How well do these forty-one elected officials reflect the city as a human community? Are our representatives representative? How much do they have in common with the city they govern? Age, sex, ethnicity, and origin are givens: we cannot change when we were born, or where, or whose children we are, or the culture in which we were raised. If people with whom we share any of these traits seem to be left out of the political process, we may perceive the slight as exclusion, though ostensibly the product of a free and open process. Electoral quotas have accordingly addressed the under-representation of women in the democratic institutions of dozens of countries (for which, see http://www.quotaproject.org/index.cfm). Whether or not one agrees with obligatory quotas as a measure, the principle that representative democracy loses its legitimacy as citizens lose their faith, or belief, in the process is not abstract: it is socially palpable, camped out in city squares all over Spain. Rather than addressing those outraged by politics in 2011, I want to consider who might feel excluded, and outraged, in 2021, or 2031.
As of January 2011 278,320 city residents did not hold Spanish nationality. They account for just over 17% of the population. Not all newcomers are non-nationals, as longer-term foreign residents--the present writer among them--become citizens of Spain and those drop off that particular statistical map. About 22% of the city's population was not born in Spain, of whom a few were born to a Spanish parent or Spanish parents residing abroad. Let's say, then, that 20% of the city's population is made up of newcomers, and a growing but as of yet unknown percentage of the children of those newcomers, some of whom will have acquired Spanish citizenship at birth (if one of their parents had become a citizen beforehand), and some of whom are born foreign. As of 2009, about 20% of those born in the city were not citizens; another 14% was the child of one Spanish and one non-Spanish parent.

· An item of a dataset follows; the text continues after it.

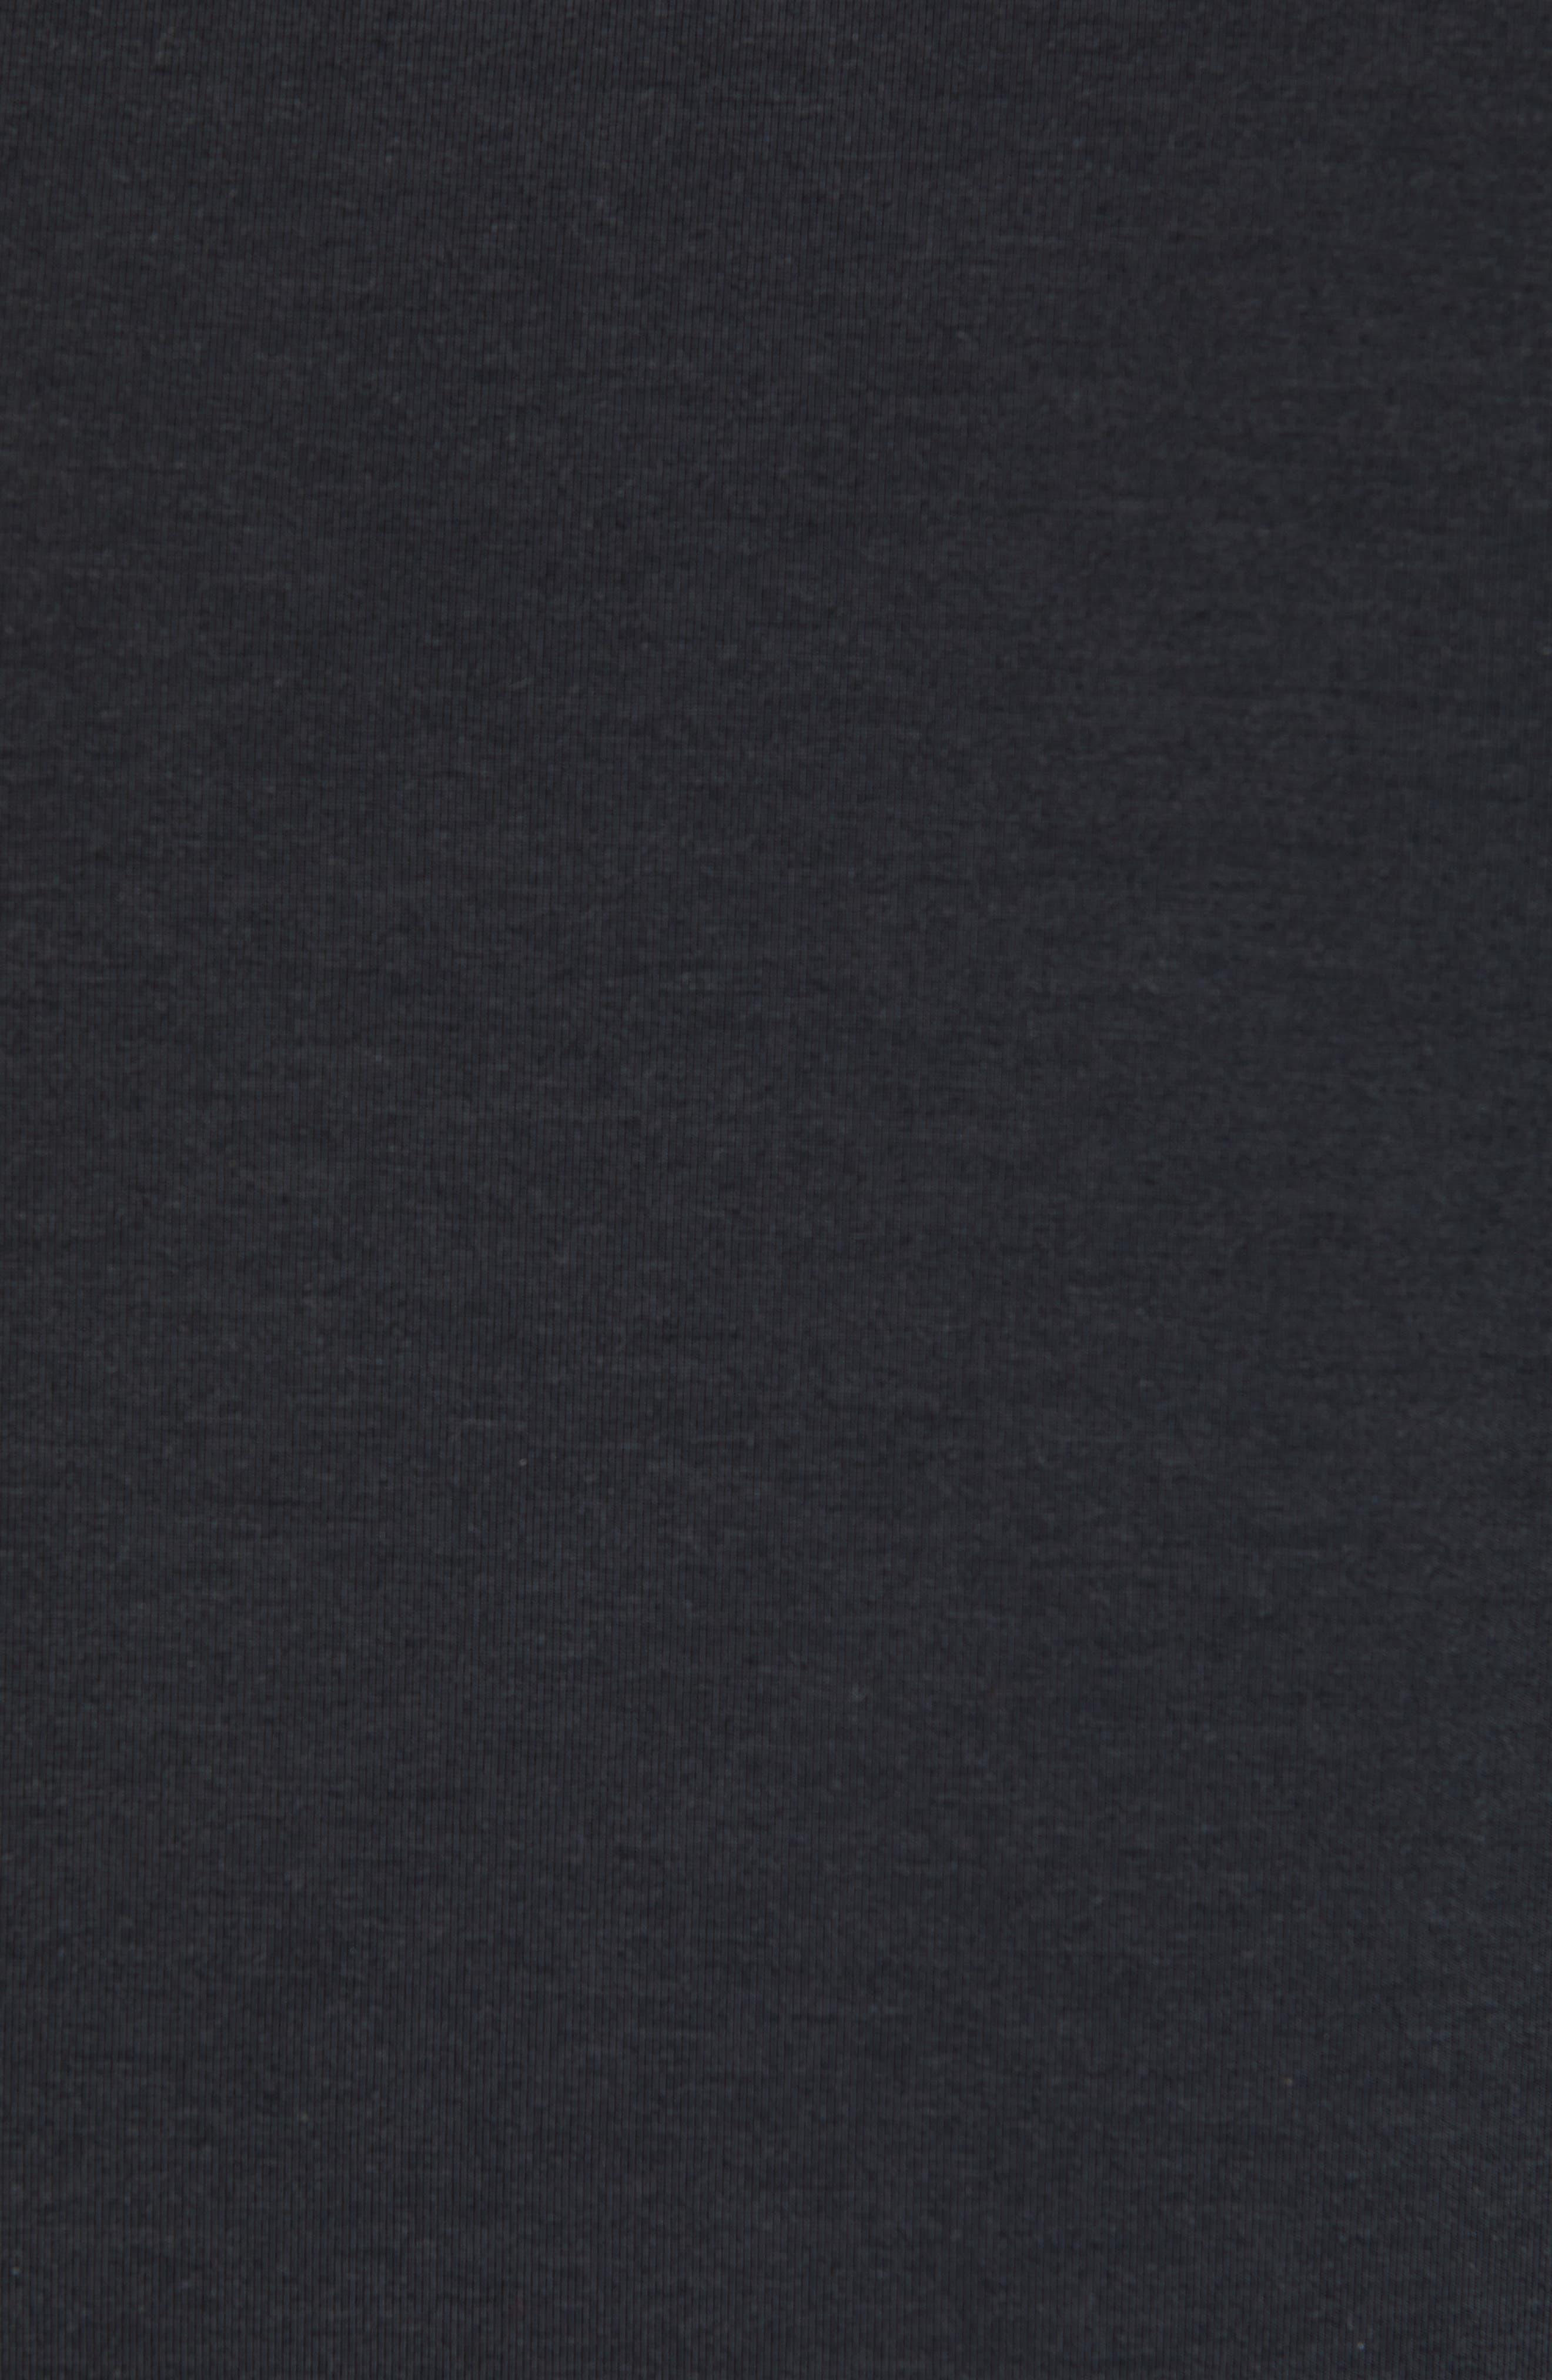 NIKE, Dry Transcent Sleeveless T-Shirt, Alternate thumbnail 5, color, BLACK/ DARK GREY

Rounding up to include immigrants who are now citizens, the city's first and second generation immigrant population is likely around a quarter of the total. Another 7% was born elsewhere in Catalonia and 20% in the rest of Spain. Among the 51% born in the city, there must now be a considerable number born to immigrant parents. Yet 85% of city councillors are native to the city, and 97.5% native-born Catalans. Newcomers are not represented; and as they are not, one fifth of the city is not. (There are a handful of newcomers among the city's 170+ unelected district councillors, as a handful appeared on the lists of one of the main party's in this month's election--far enough down the list to make their candidacy political fiction.)
The phenomenon is recent. The boom in immigrant numbers came between 2001 and 2006. Two political responses to this tectonic shift in Catalan demographics are available to influence public opinion. One consists quite literally of cooking shows on Catalan television: Karakia on TV3, Els nous catalans on TVE's Catalan service. (The Spanish-language service broadcasts Babel, similar in content and format.) The gesture may be welcoming and the stance dialogic, but one fact narrates another, the old population gracefully talks about the new. At the other extreme, Josep Anglada and his fellow travellers are openly racist, xenophobic, and popular enough to garner 67,000 votes. Do cooking shows counter Anglada? Well-intentioned multi-culturalism can never substitute for the beginnings of demographic parity in democratic institutions. If Mr Anglada is to be matched point for point, the best person to do so is one of the very newcomers he loathes.